Penerapan BPJS di daerah tertinggal memiliki kendala diantaranya, jumlah dan kualitas tenaga kesehatan yang belum merata, biaya tinggi karena sulit dijangkau, prasarana kesehatan belum merata, basis data kelompok sasaran masih harus dikoordinasikan, dan pembiayaan daerah pada sektor kesehatan masih rendah.
Terkait sistem jaminan sosial nasional (SJSN), Ketua Pengurus Besar Nahdatul Ulama Said Aqil Siradj mengatakan, NU mendukung sepenuhnya pelaksanaan pembangunan nasional dibidang kesehatan melalui sistem kesehatan nasional yang mampu menjamin pencapaian amanah UUD dan UU.
NU juga mendukung penuh, pelaksanaan SJSN yang bertanggungjawab sesuai prinsip-prinsip pemerintah yang bersih dan tata kelola pemerintahan yang baik.

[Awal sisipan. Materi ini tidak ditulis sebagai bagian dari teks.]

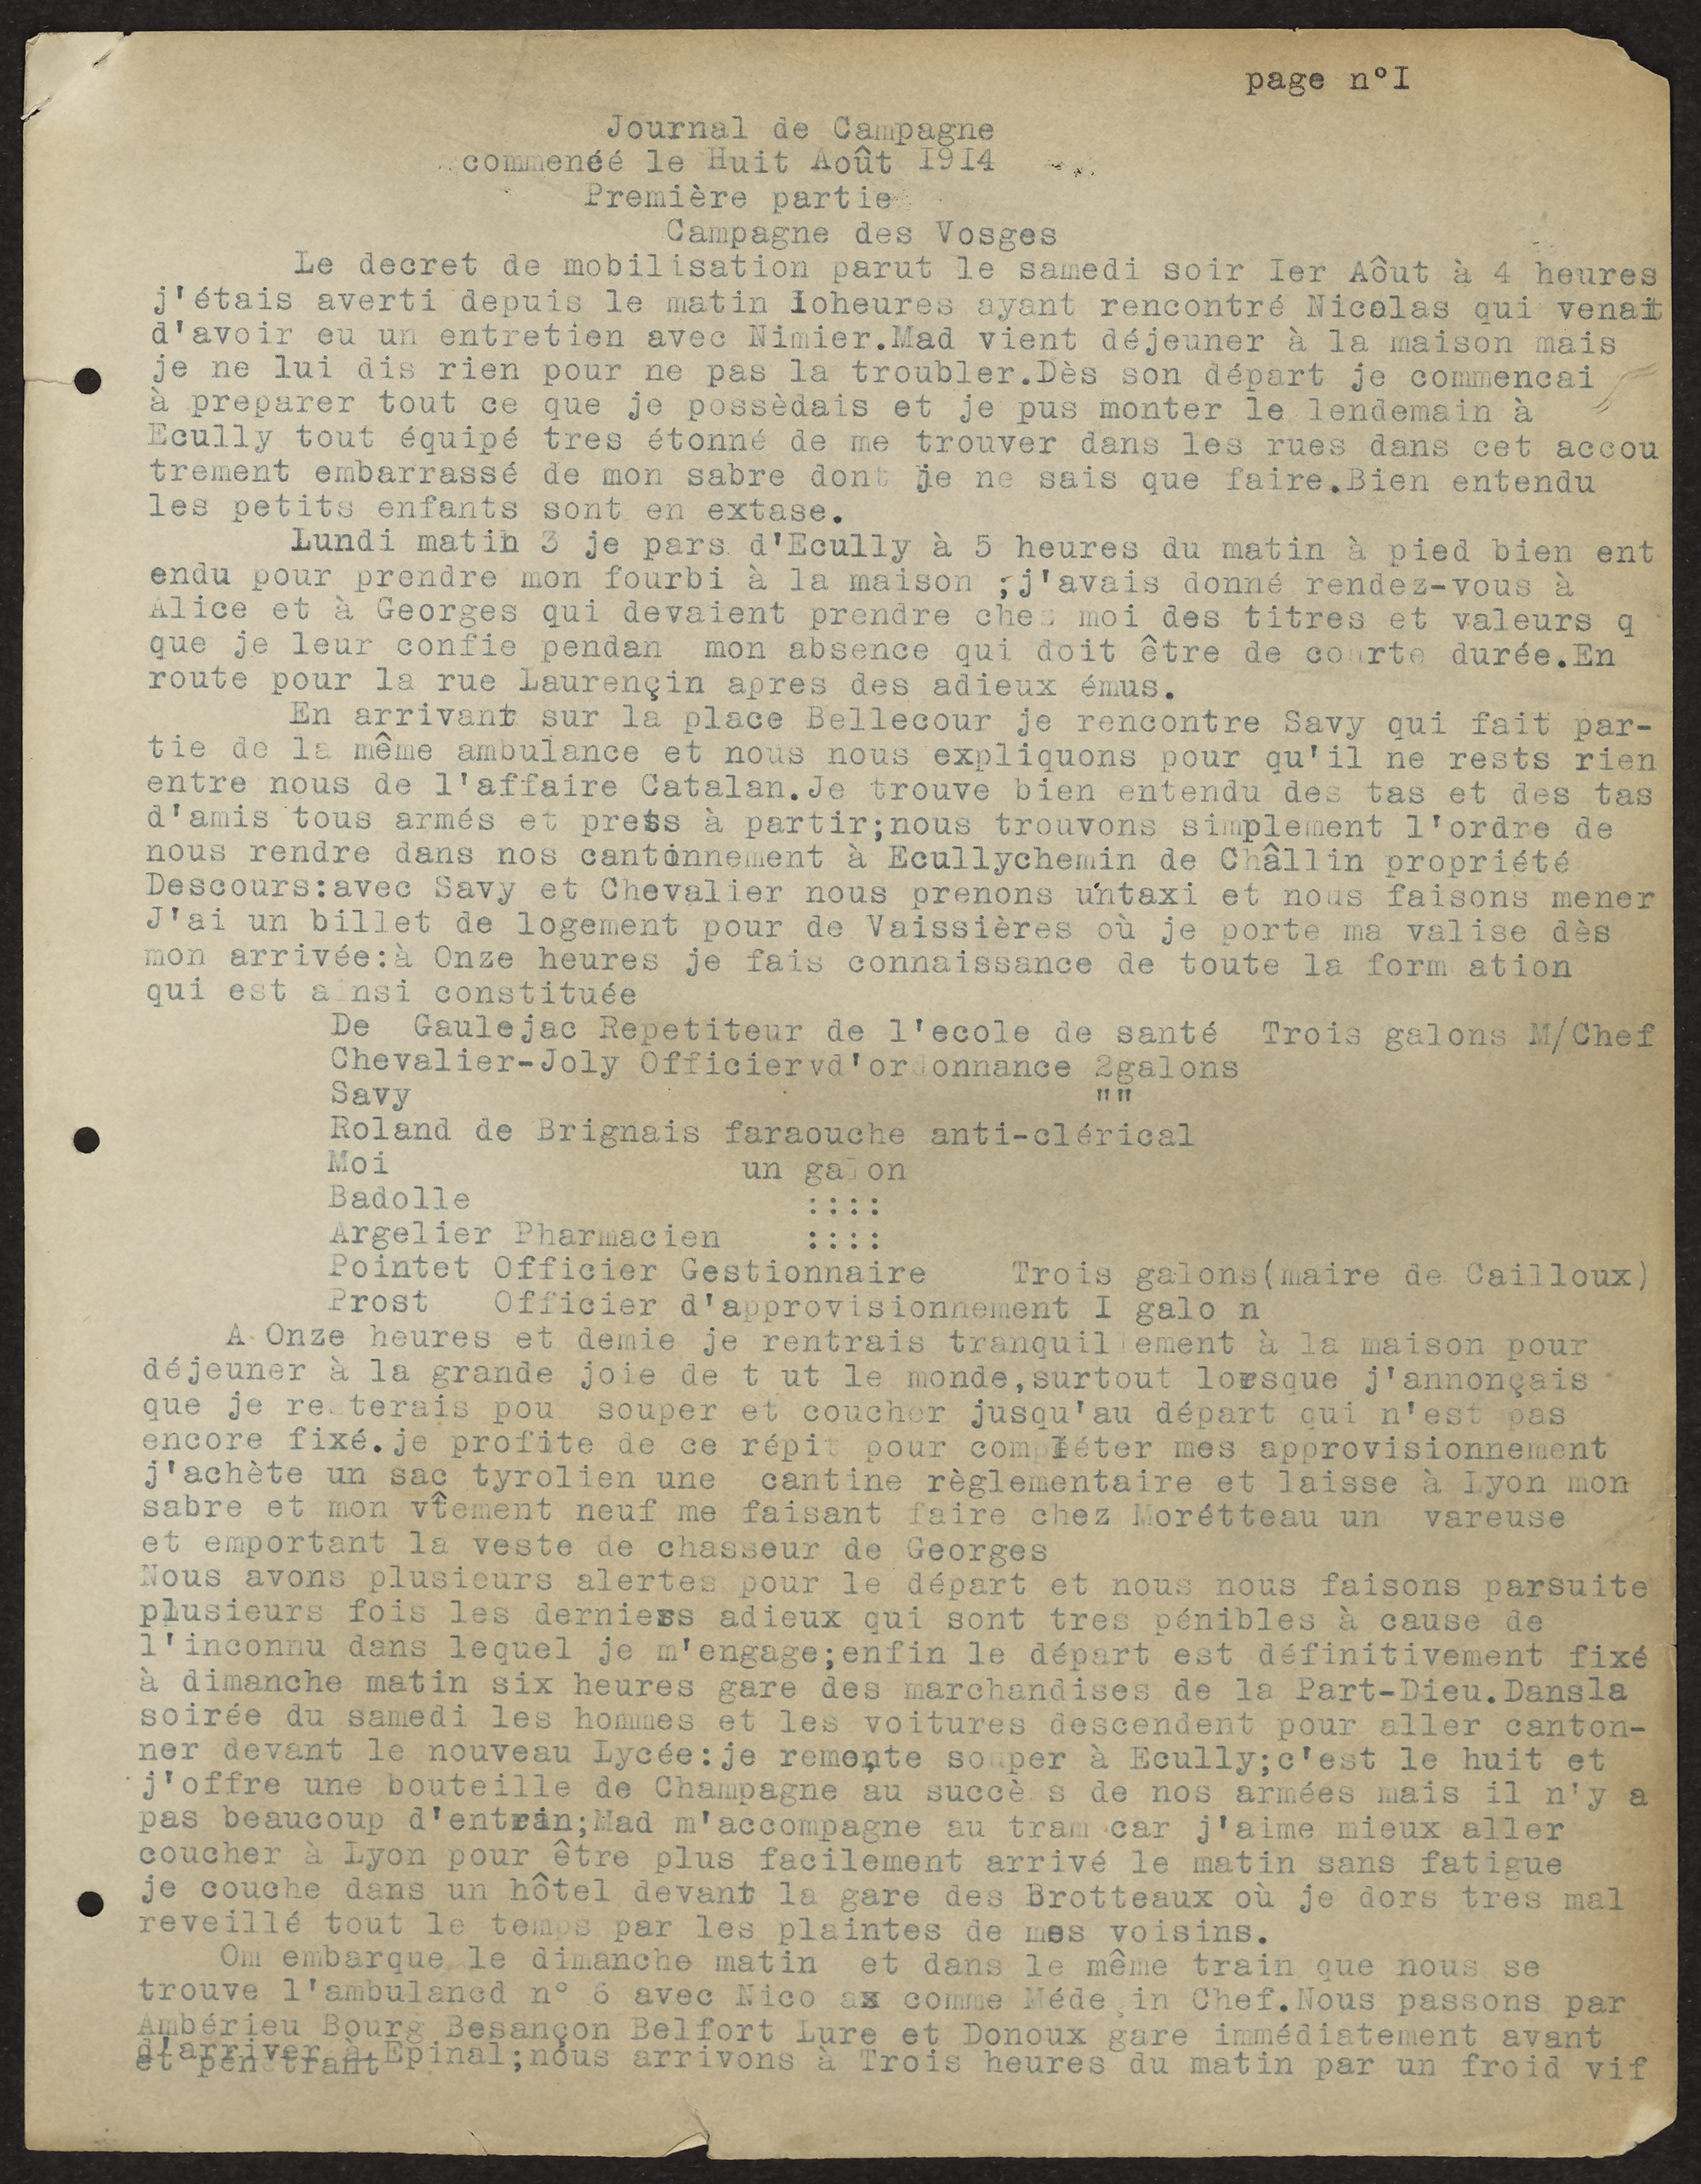 Journal de campagne attribué à Auguste Verrière, médecin chirurgien lyonnais, 1er août 1914 - 1II506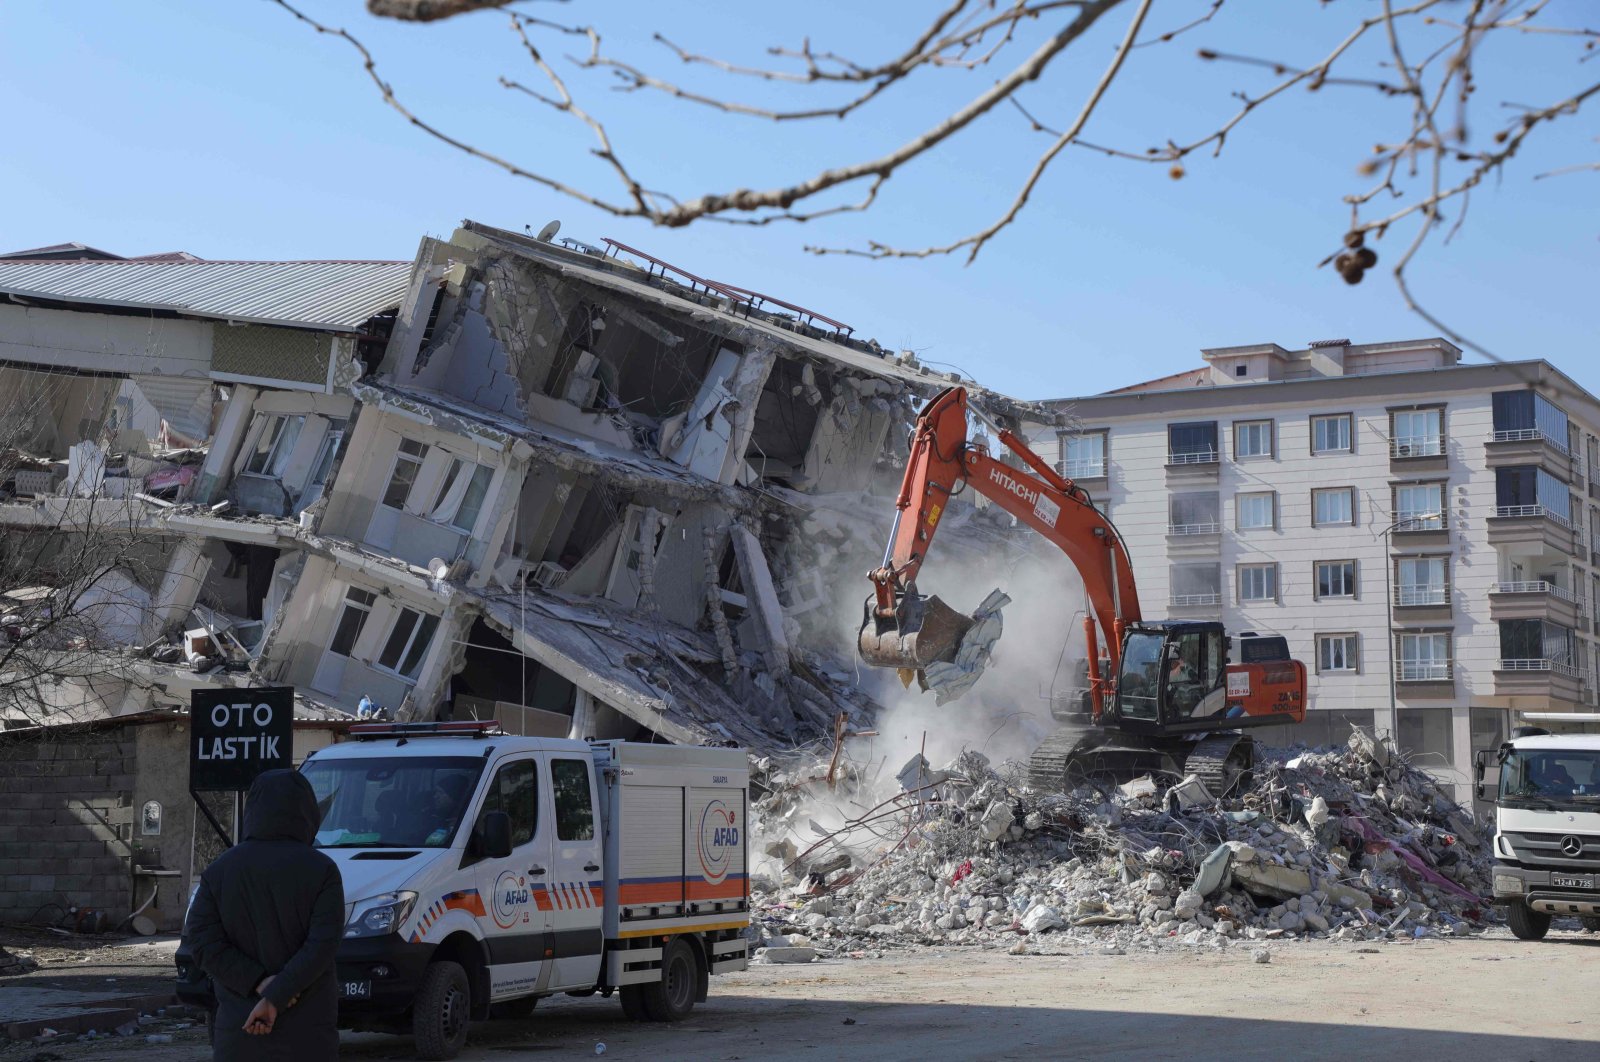 Jaksa Turki akan membentuk unit untuk menyelidiki kejahatan terkait gempa

Terkait hal itu NU akan melakukan pengawasan secara intensif dan komprehensif pelaksanaan BPJS kesehatan serta membantu melakukan sosialisasi melalui jaringan organisasi ditingkat desa sampai ke masyarakat.
Said Aqil mengatakan, NU juga akan memberikan kritik konstruktif dan masukan kepada pemerintah dalam membuat dan melaksanakan regulasi atas masalah-masalah yang timbul dalam proses pelaksanaan BPJS bidang kesehatan.
NU juga menyampaikan sejumlah rekomendasi terkait SJSN diantaranya perlunya upaya lebih serius bagi percepatan pemberdayaan masyarakat melalui regulasi sehingga mampu mempercepat peningkatan kapasitas kelembagaan kesehatan pemerintah dan masyarakat sesuai potensi dan tantangan pembangunan kesehatan di perdesaan.
Untuk mengurangi ketidaktepatan sasaran peserta Jamkesmas (sejak 2014 menjadi penerima bantuan iuran (PBI), maka penetapan penduduk miskin dan tidak mampu peserta sebaiknya melibatkan peran aktif masyarakat serta ditetapkan pemerintah kabupaten (bukan pemerintah pusat).
Pemerintah pusat hanya berperan dalam menetapkan kuota alokasi per kabupaten berikut kriteria untuk menetapkan penduduk miskin dan tidak mampu peserta PBI, jelas Said Aqil yang juga turut serta memberikan pembekalan kepada relawan pembangunan perdesaan sehat.